Get streams chunks back to the client. Replication mirrors stream R-factor.
Decentralized auth (Operators / Accounts / Users)¶
flowchart TB
Op["Operator\n(O-key, signs accounts)"]
SysAcc["System Account ($SYS)\n(A-key)"]
AccA["Account A\n(A-key)"]
AccB["Account B\n(A-key)"]
UserA["User credentials\n(U-key + JWT)"]
UserB["User credentials\n(U-key + JWT)"]
Op --> SysAcc
Op --> AccA
Op --> AccB
AccA --> UserA
AccB --> UserB
Resolver["Account JWT resolver\n(memory / NATS / URL)"]
AccA -. JWT .- Resolver
AccB -. JWT .- Resolver
Server["nats-server\n(trusts Operator key)"]
Resolver --> Server
- NKey — Ed25519 keypair encoded in custom base32 with role prefix (
O/A/U/X). - JWT — issued by the Operator (for accounts) or Account (for users); contains permissions, limits, and signing-key references.
- Resolver — a server discovers account JWTs at runtime via
MEMORY(preloaded), the embeddednatsresolver, or an external URL.

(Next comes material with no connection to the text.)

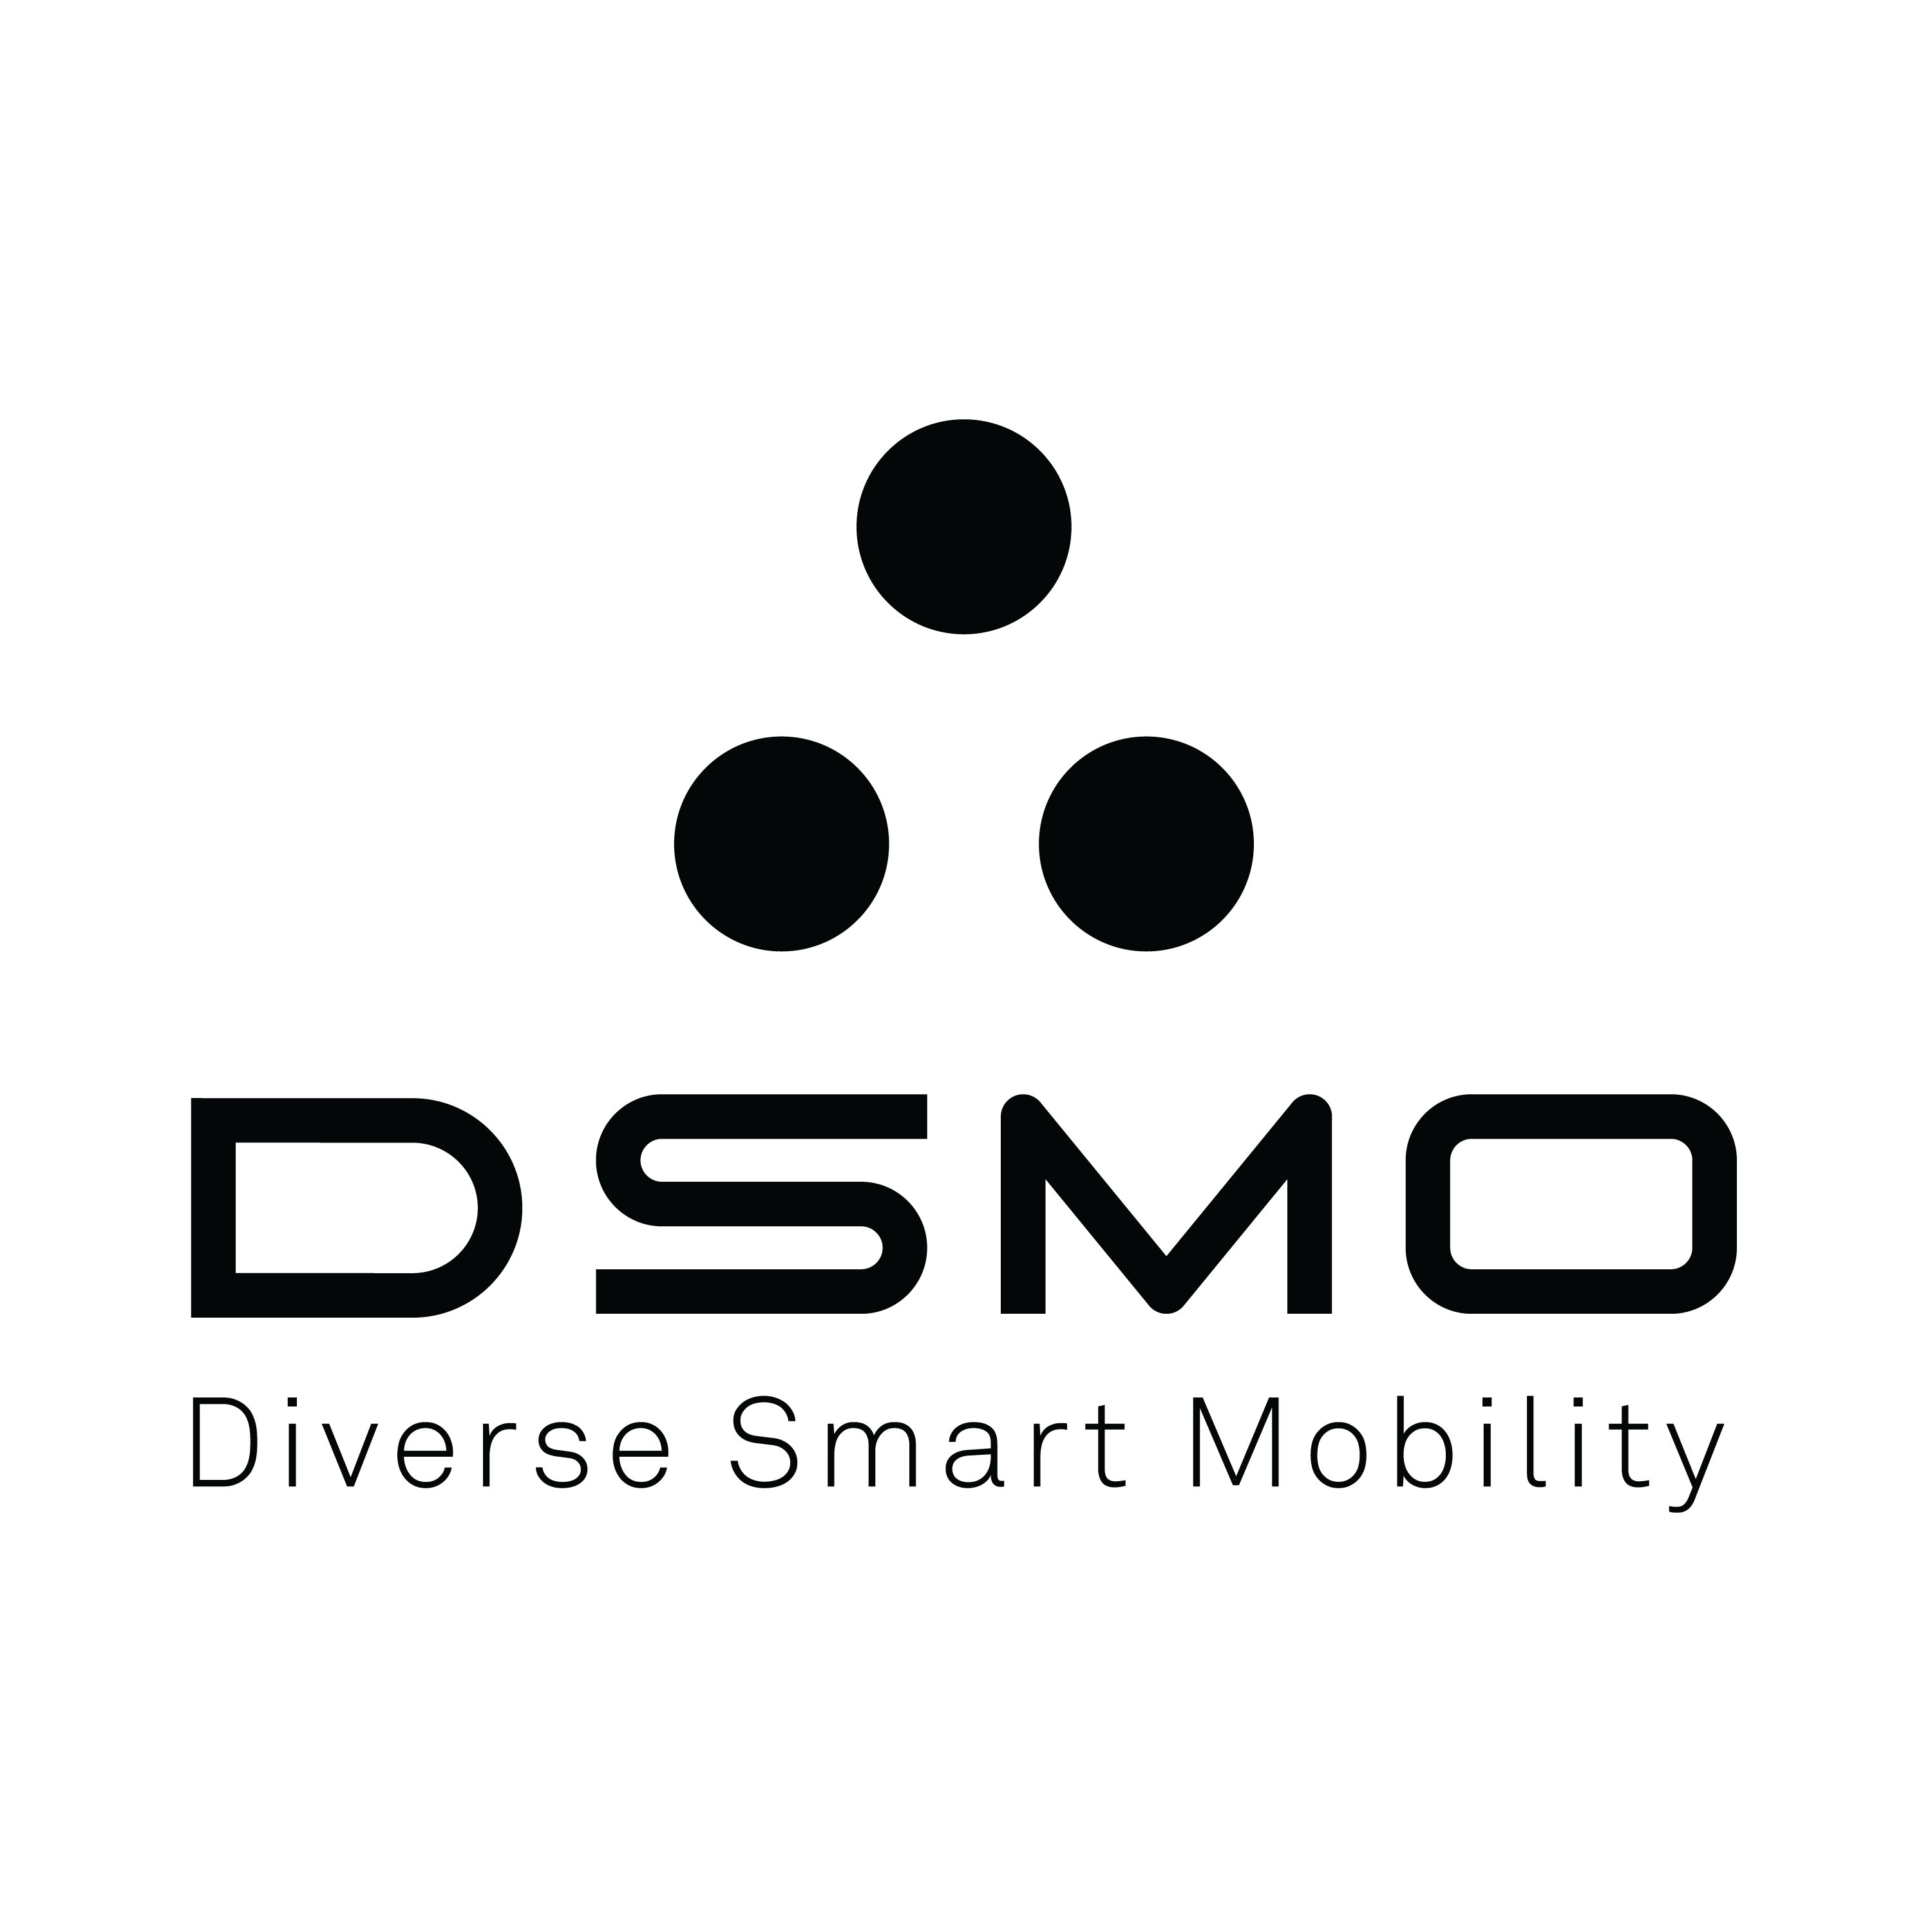  DSMO DIVERSE SMART MOBILITY
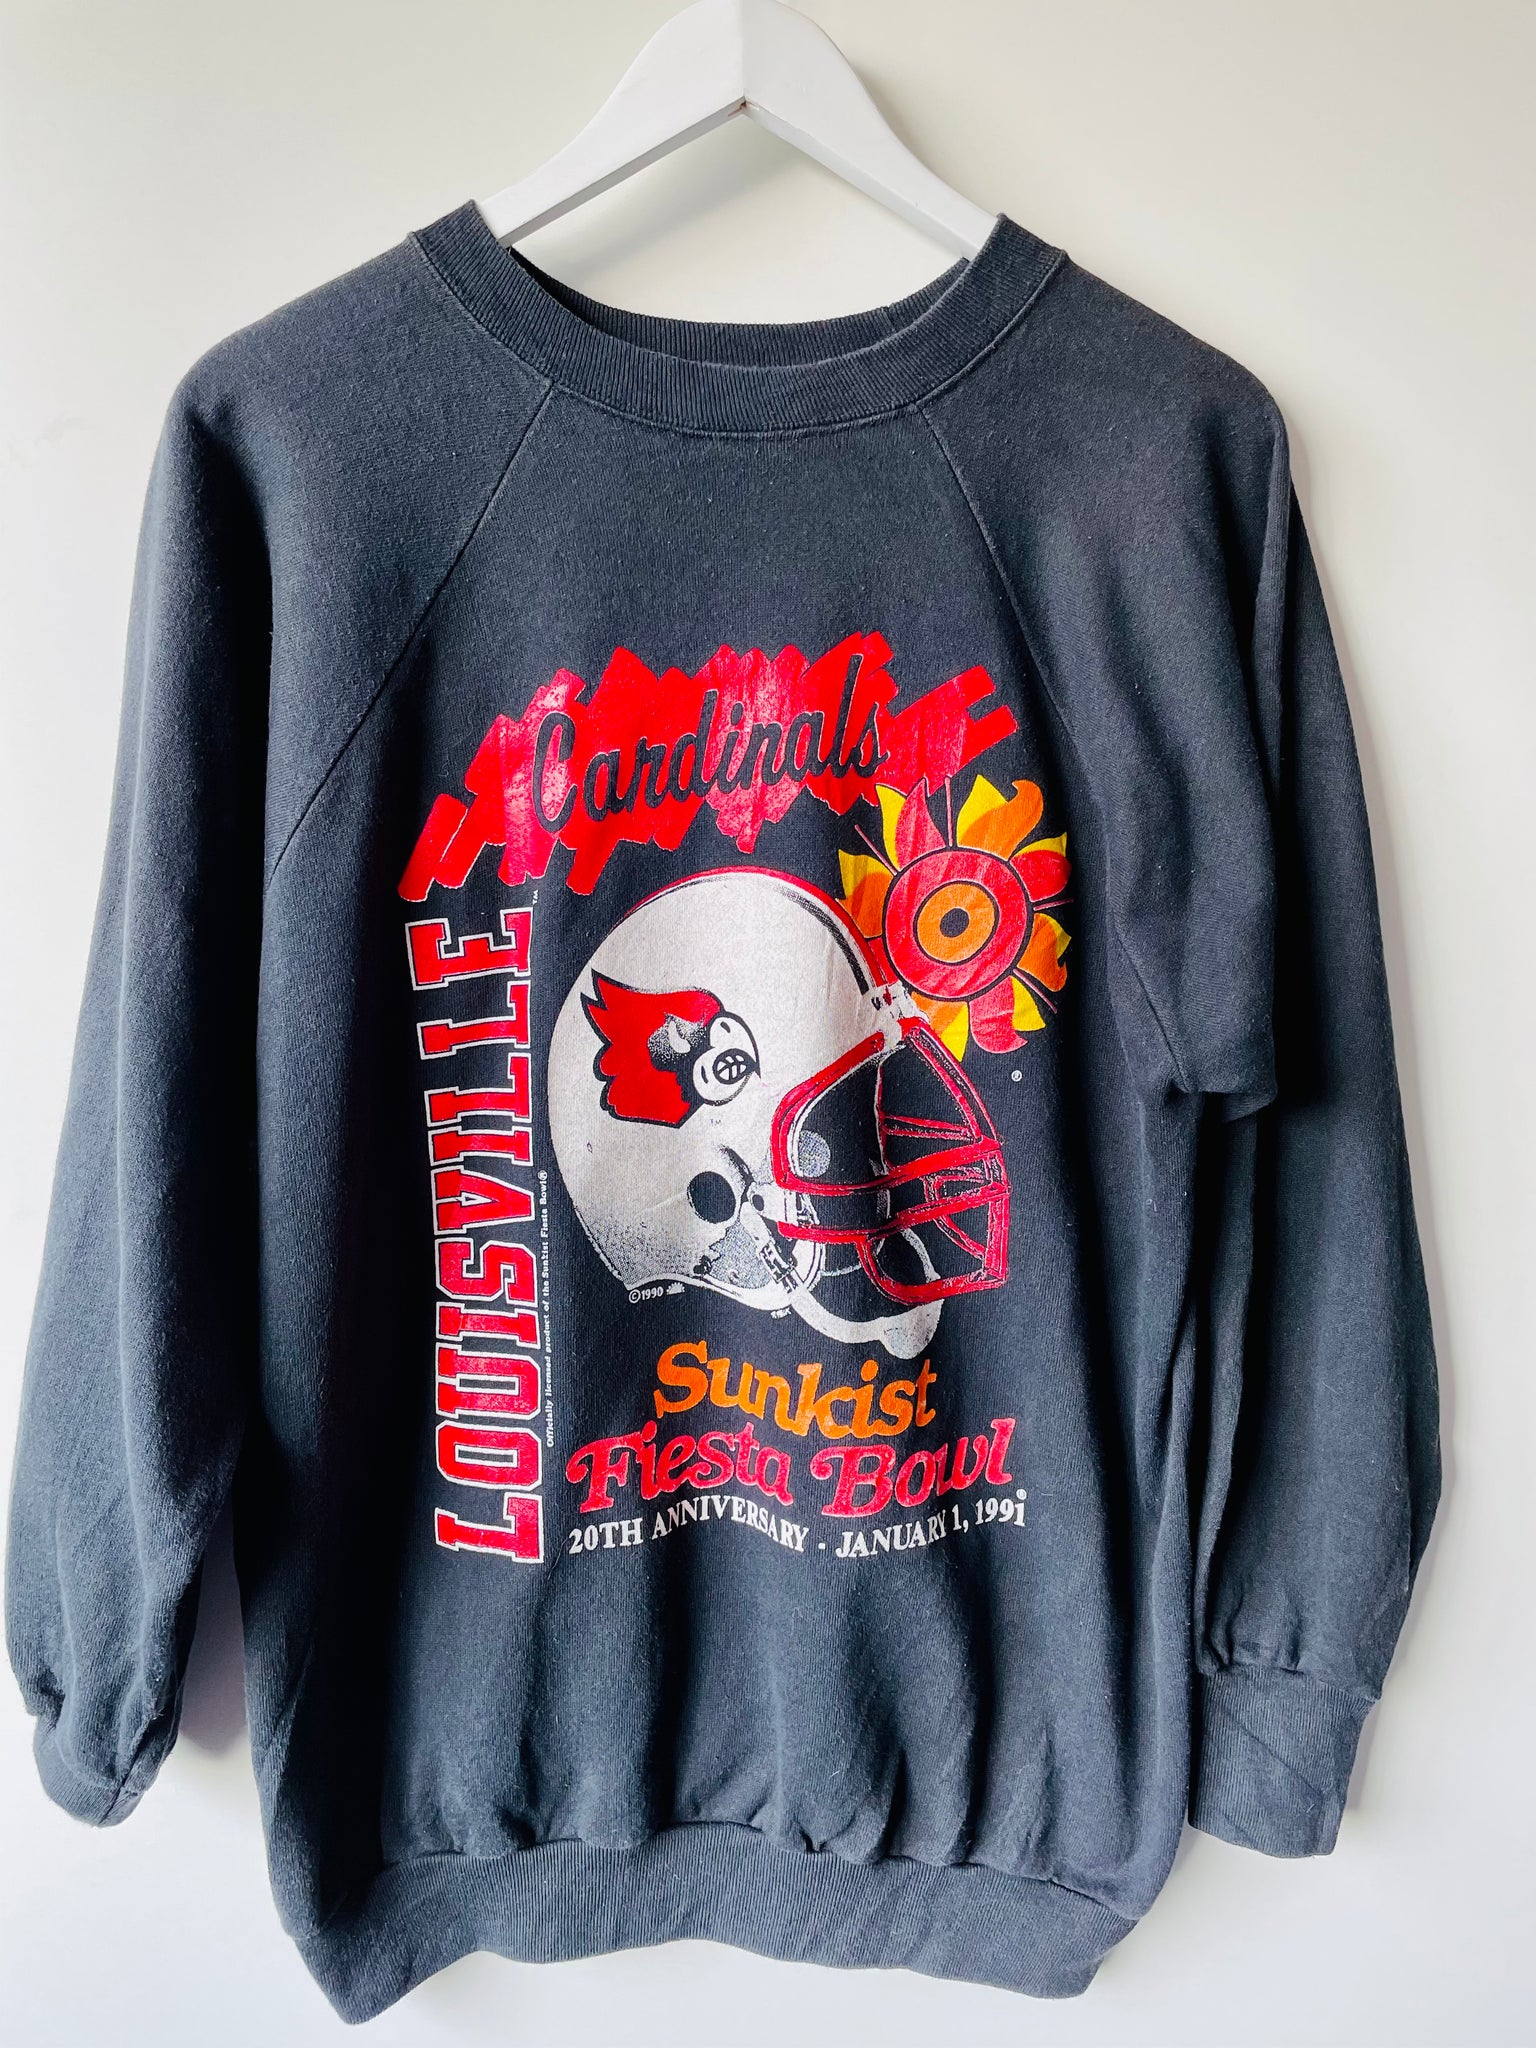 Vintage 1990s USA Louisville Cardinals sweatshirt L – Beatnik Emporium

Performance characteristics¶
| Workload | Latency / Throughput |
|---|---|
| Core NATS pub/sub same host | sub-microsecond delivery |
| Core NATS pub/sub LAN | ~50–100 µs RTT |
| Core NATS publish, single client | tens of millions msgs/sec/server (small payloads) |
| JetStream R1 file store | hundreds of thousands msgs/sec/server (NVMe) |
| JetStream R3 file store | ~tens of thousands msgs/sec quorum-limited |
| Gateway cross-region first request | RTT + gateway query (~1 RTT extra) |
Source for benchmarks
Numbers above reflect Synadia and community benchmarks (see nats bench results). Always re-measure for your own hardware/NVMe class before sizing a deployment.
Comparison hooks¶
- vs Kafka — Kafka wins on broad analytic streaming ecosystem; NATS wins on multi-tenant edge fabrics and operational simplicity.
- vs RabbitMQ — RabbitMQ wins on routing primitives & dead-letter ergonomics; NATS wins on latency and footprint.
- vs Pulsar — Pulsar offers segregated compute/storage and tiered storage; NATS uses local store with mirrors/sources for similar effects but at smaller scale.